++++ Dataset excerpt ++++

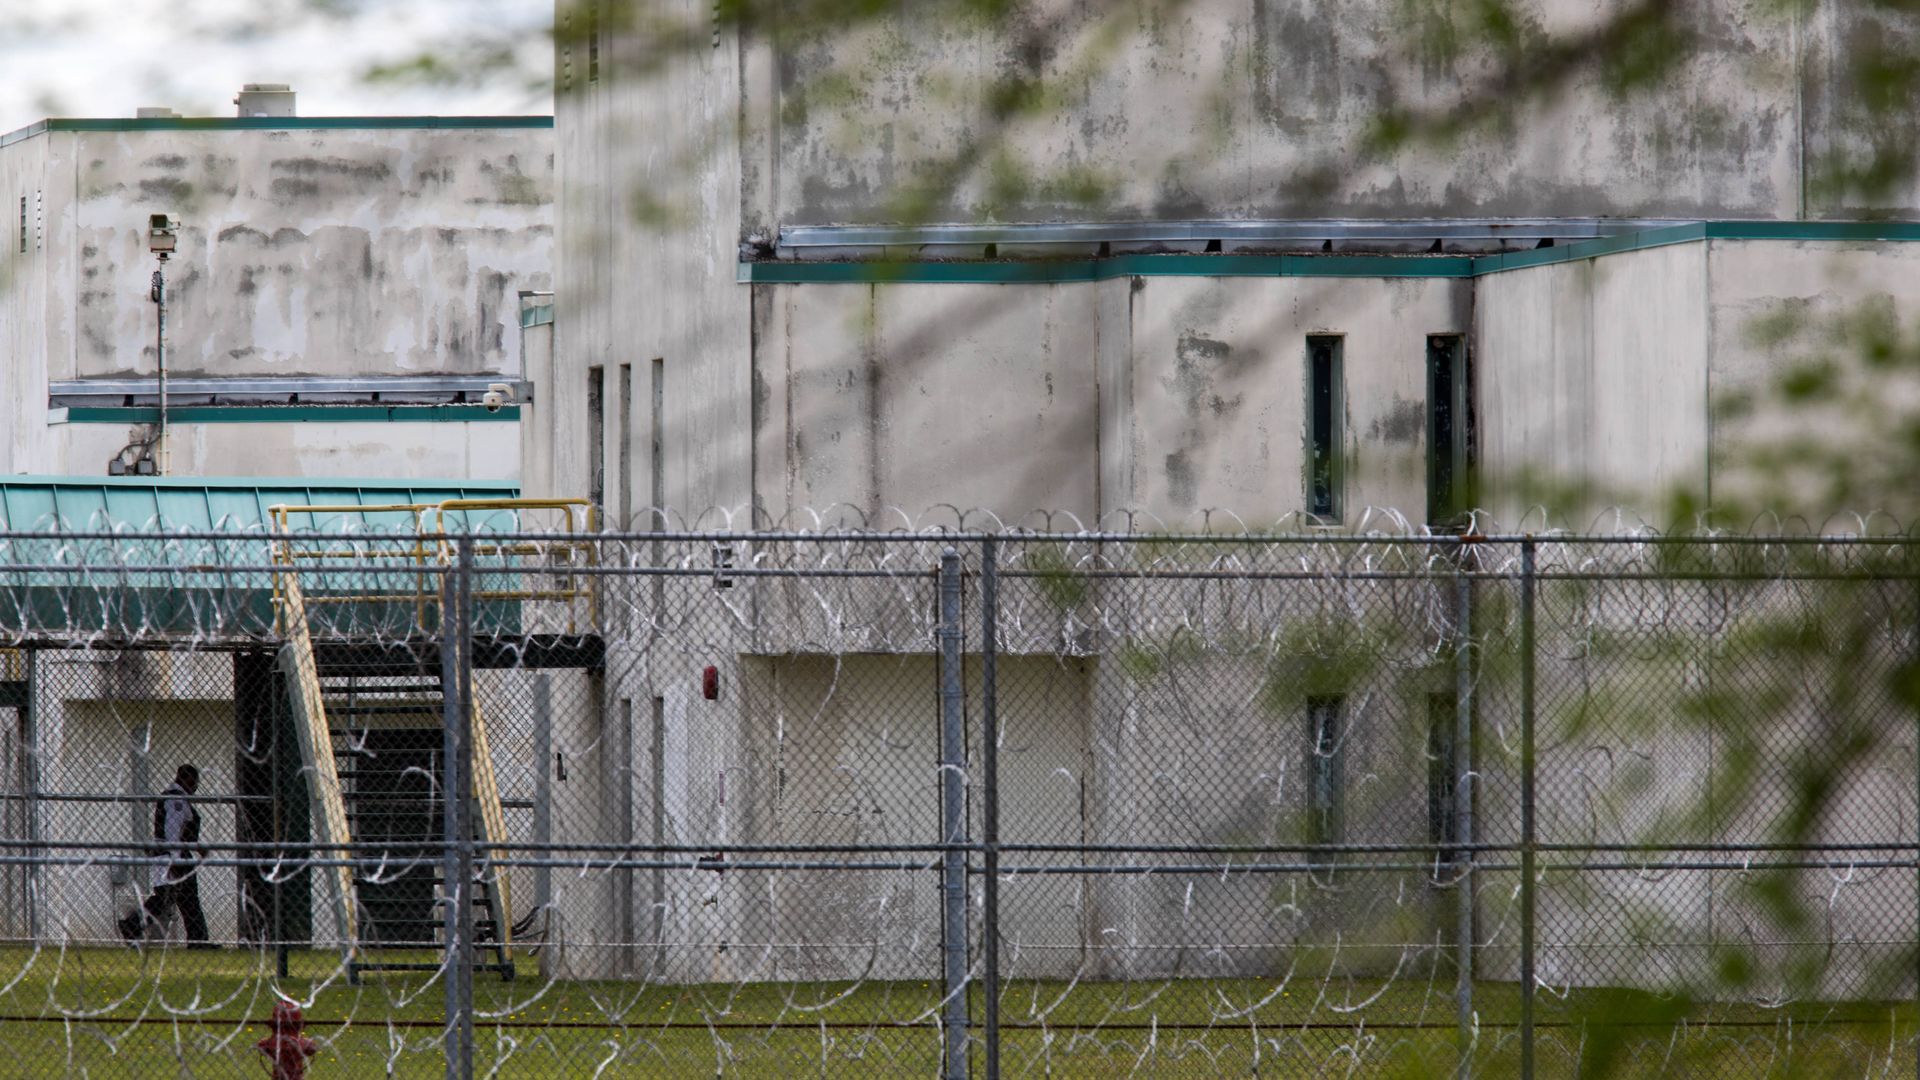 A prison guard runs into a correctional center viewed through a chainlink fence
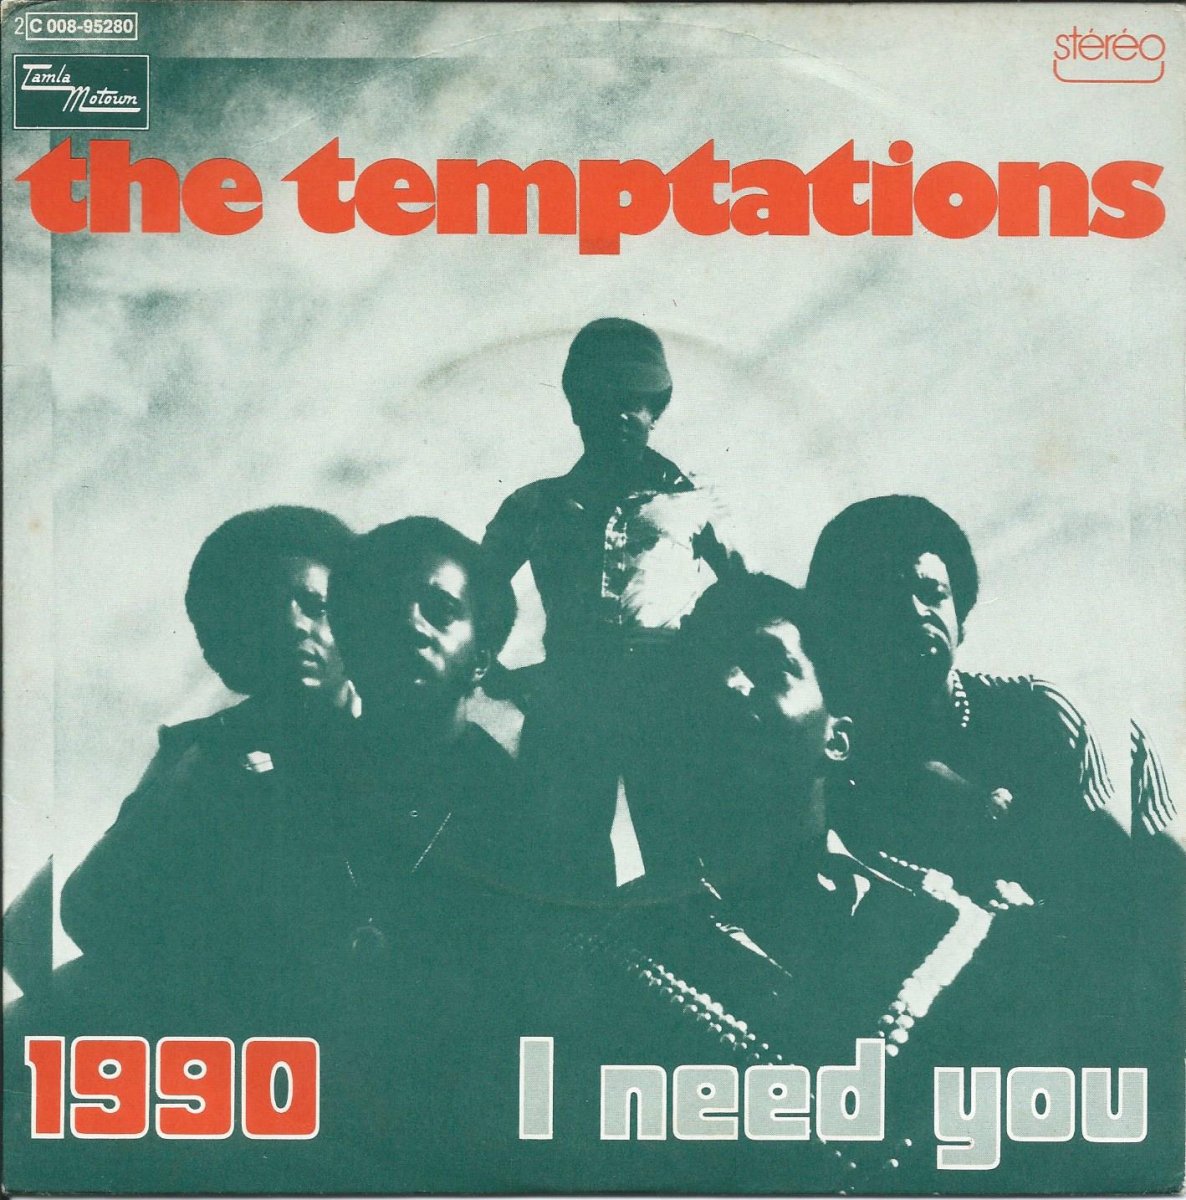 THE TEMPTATIONS / 1990 / I NEED YOU (7
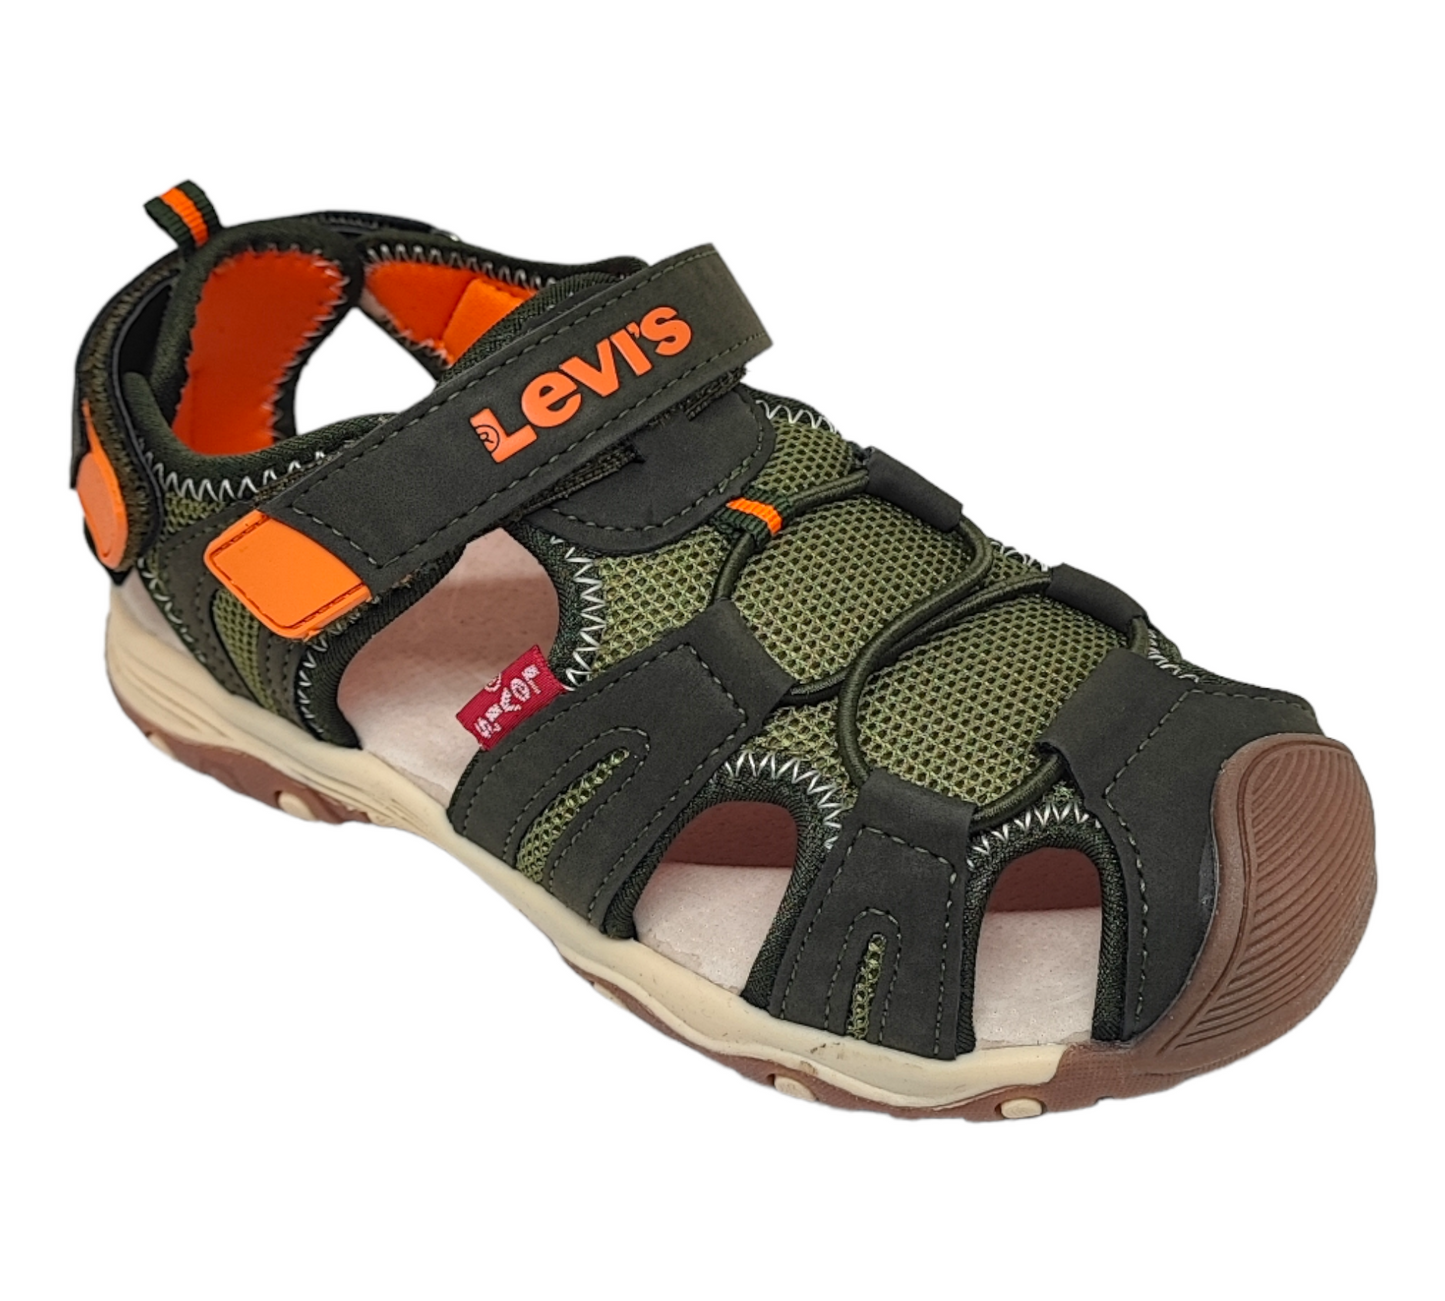 LEVIS Kinder Sandale mit Zehenschutz

++++

Directions:
A verbatim transcription of the listing is expected, with no pictures included.

Solution for this problem:
 A prison guard runs into a correctional center viewed through a chainlink fence
 THE TEMPTATIONS / 1990 / I NEED YOU (7
 LEVIS Kinder Sandale mit Zehenschutz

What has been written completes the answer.